Есть у Алешковского повесть "Маскировка". Выдумана она так: убогая советская действительность на одной шестой земной поверхности оказывается маскировкой, скрывающей подлинную, подземную жизнь: "Как спутник американский пролетает над Старопорховым, так у наших гастрономов очереди выстраиваются, вроде бы мясо, масло и колбасу дают, автобус переваливается по колдоебинам, пионерчики маршируют, поют песни про вечно живого Ильича, грузины гвоздику продают, бляди куда-то бегут за дубленками, в парках драки, в баньках парятся, театры, конечно, танцульки — одним словом, видимость жизни заделывается, маскировка…" И т. д. и т. п. — полсотни страниц повести Алешковского, "бедной, жестокой, скотской и краткой", как жизнь проглоченного гоббсовым левиафаном человека. Как старомодный читатель, я не могу не сопереживать эту жизнь с пьяными, глупыми, добрыми, жалкими персонажами "Маскировки". До слез жалко Дуську, которой не досталось трескового филе.

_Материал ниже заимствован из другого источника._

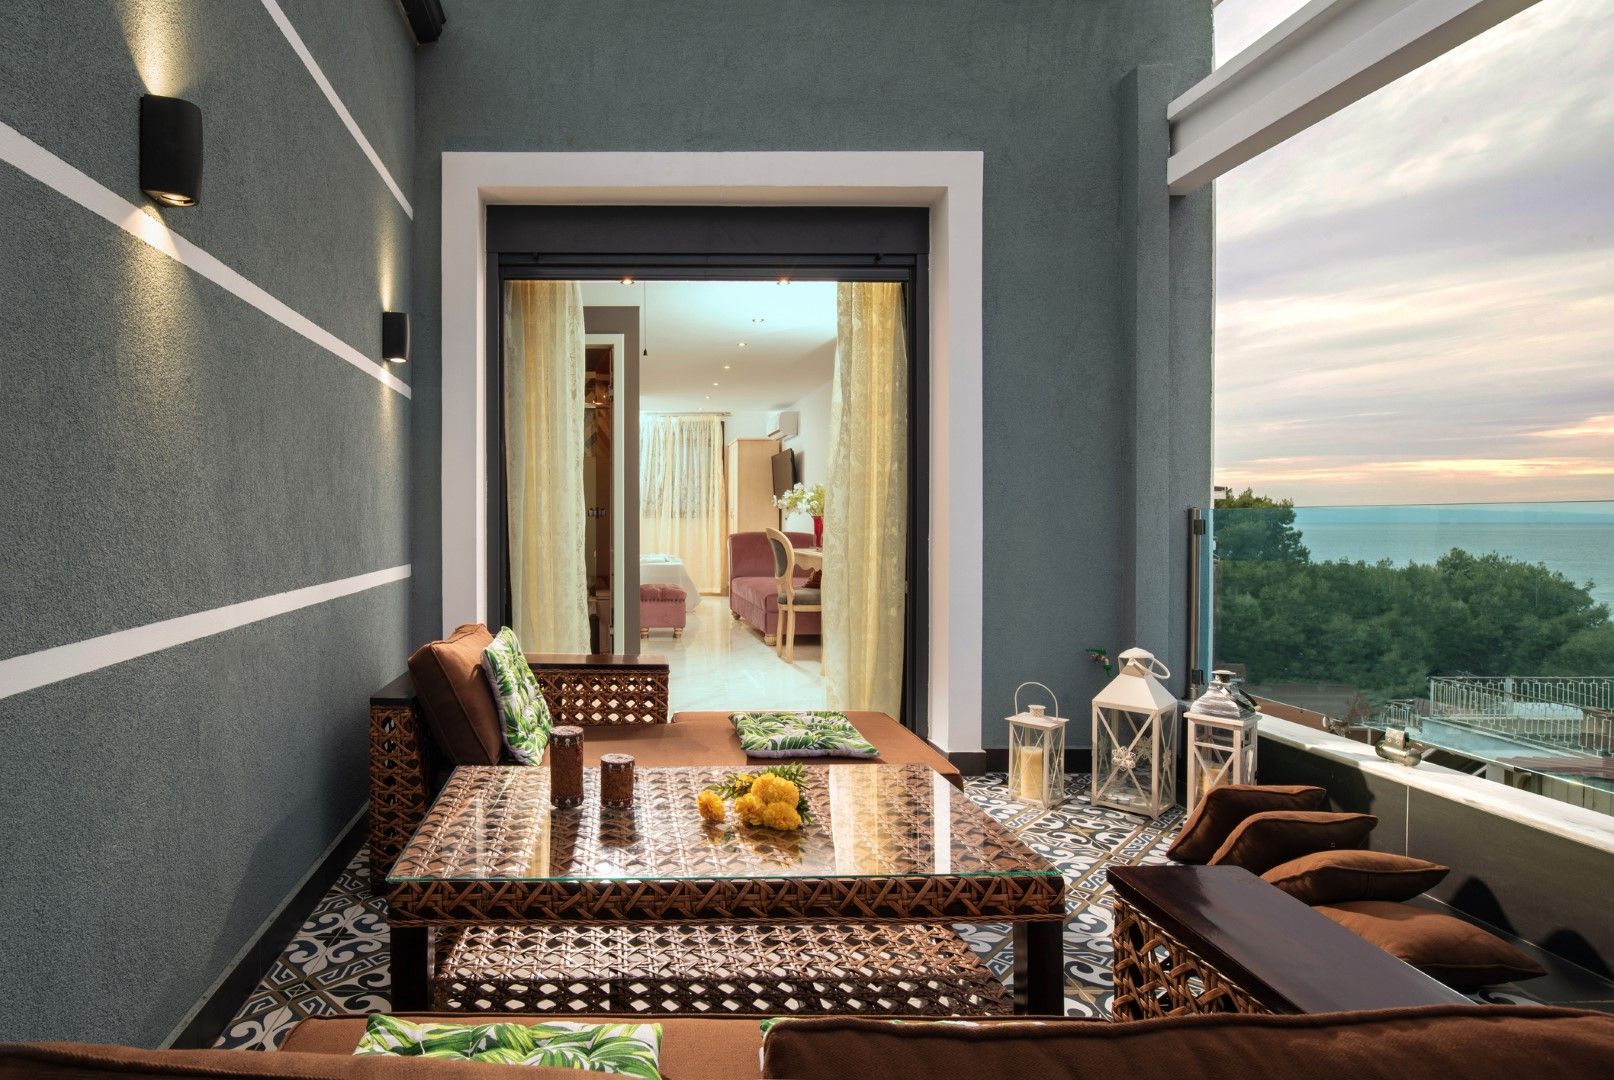 В Маракеш можете да спите в хотел или в традиционен риад (къща с вътрешен двор, обикновено обзаведена в традиционен стил), но има и много луксозни хотели с невероятни панорамни тераси към града.

Исключительность Юза — не просто в дивной энергии его поэтической речи, а в добродушии, душевной доброте, Доброте Души.
Упорная жизнь Джемса Клиффорда: возвращение одной мистификации
Мой дядя — мне всегда хотелось написать текст, который начинался бы словами "мой дядя", — итак, мой дядя попытался скрыть от моего отца начало Великой Отечественной войны. Утром в воскресенье, 22 июня, он должен был заехать за зятем. Потом они собирались вместе поехать на стадион на исключительной важности футбольный матч между ленинградским "Динамо" и московским "Спартаком". С утра дядя услышал по радио роковое сообщение, но рассчитал, что мой отец, любитель поспать, наверняка проспит и авось как-нибудь удастся не разрушать так приятно запланированный денек. Дяде было тридцать лет, отцу двадцать семь. Оба в этот выходной были полностью свободны — отец за неделю до того отправил жену с сыном на дачу под Москву, а дядя был в промежутке между очередными романами. Хорошо выспавшийся отец неторопливо умылся, побрился, напился чаю, и они вышли на улицу, не спеша прошли по набережной канала Грибоедова квартал, что отделяет наш дом от Невского. Там отец и увидел толпы перед громкоговорителями и узнал, что случилось. Он развернулся, побежал домой за документами, а потом в военкомат записываться добровольцем. Дядя, тезка своего любимого героя Иозефа Швейка, поехал все-таки на стадион и не без скандала добился, чтобы ему вернули деньги за два билета на отмененный по случаю войны матч.